Soviet KGB Activities in India

    The KGB’s 7th Directorate was focused on surveillance of Russian citizens abroad. India was a major priority for both the American CIA and Soviet KGB in the 1970s and 1980s. Most of their work focused on steering government policy and popular opinion through influence operations, such as printing articles and publications favorable to one country or the other. During the 1970s the KGB had more agents in place in India than in any other third-world nation. 

    Declassified CIA documents reveal that through the mid-1980s, the KGB successfully emplaced more than 1,600,000 articles in various papers of the Indian press, which at the time was considered to be the freest press in the entire Third World. The Soviets gained such complete access that amongst themselves they began referring to it as the “Press TASS of India”, TASS being the official Soviet news agency headquartered in Moscow. 

    The KGB was estimated to have 100 times more influence over the Indian press than they exercised over press outlets in NATO countries. The KGB also covertly financed the publication of books and distributed more than 25,000,000 magazines and pamphlets; all of which portrayed the Soviet Union in a positive light. 

    The Mitrokhin Archive, an extensive collection of handwritten notes by a KGB archivist written over the course of 30 years, revealed in 1992 the fullest picture yet of KGB activities in India. Among them were the near-complete control over Indian Prime Minister Indira Gandhi, India’s first female prime minister who held office two times until her assassination in 1984.

    When she first accompanied her father (himself the Prime Minister of India at the time) to the Soviet Union in 1953 just after the death of Josef Stalin, the KGB made sure to surround her with handsome, attentive male admirers and make her feel as welcome and appreciated as possible. According to the archive, the KGB referred to her by the code name Vano.
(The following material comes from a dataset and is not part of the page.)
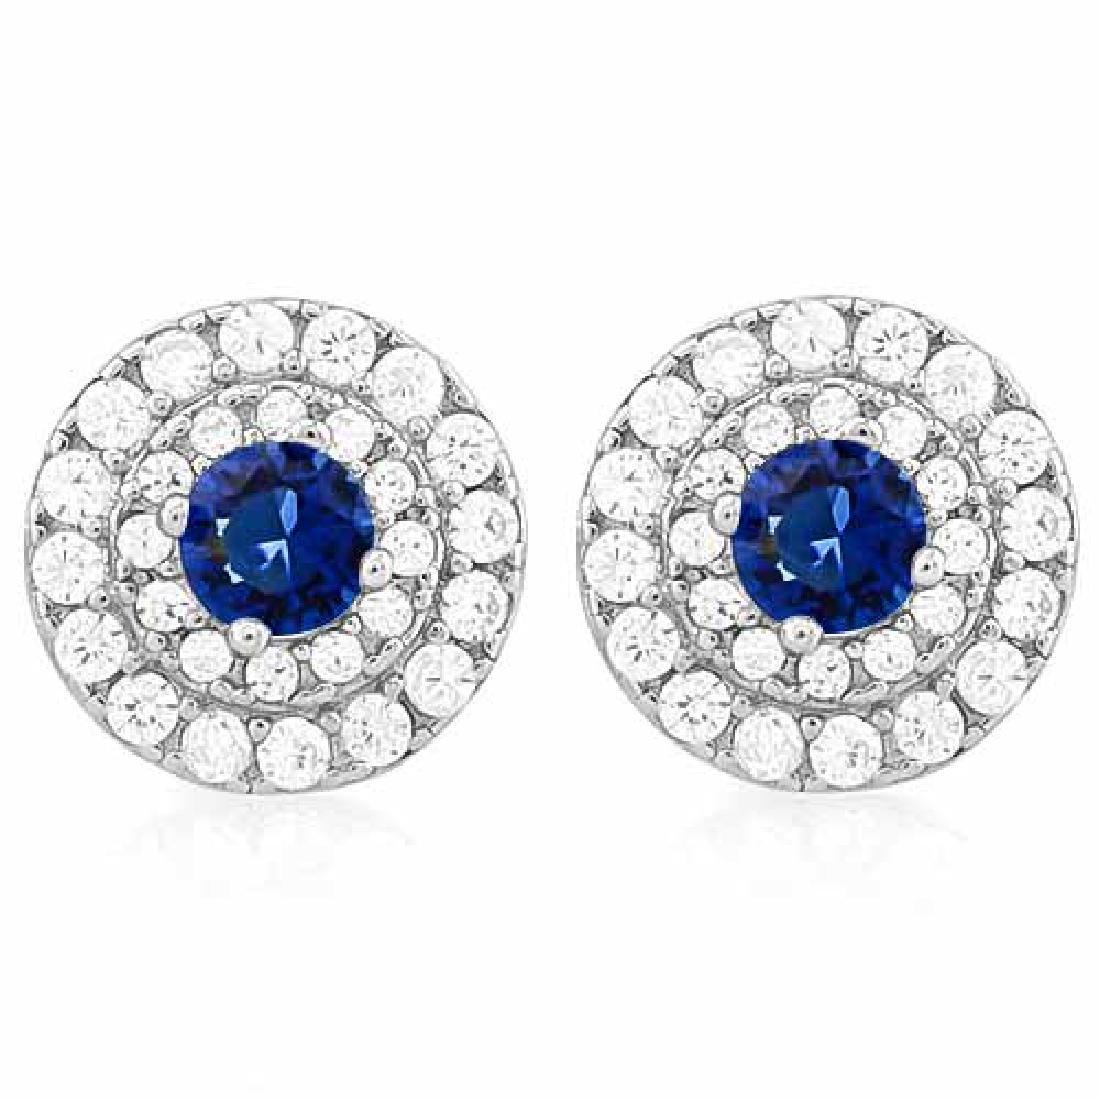 3/4 CARAT CREATED BLUE SAPPHIRE & 1/2 CARAT (56 PCS) FL

In later years, after strengthening their hold over her, Soviet agents regularly delivered suitcases full of cash to the Prime Minister’s residence, although she never even bothered to return the empty cases. 

    The KGB also worked hard on gaining influence over local cultural groups and spreading disinformation about the true interests and intentions of official US policy towards India. These included operations to link the United States to the assassination of Indira Gandhi and planting false stories that the US Ambassador to the United Nations was working on a plan to balkanize India.  

    In fact, through the 1970s, the KGB spent so much money and exercised so much control that they were practically the dominant force in Indian politics and government. At one time the CIA estimated there were approximately 50-80 KGB and GRU agents in country. A relatively small number of highly capable agents were able to wield tremendous influence over one of the largest countries in the world.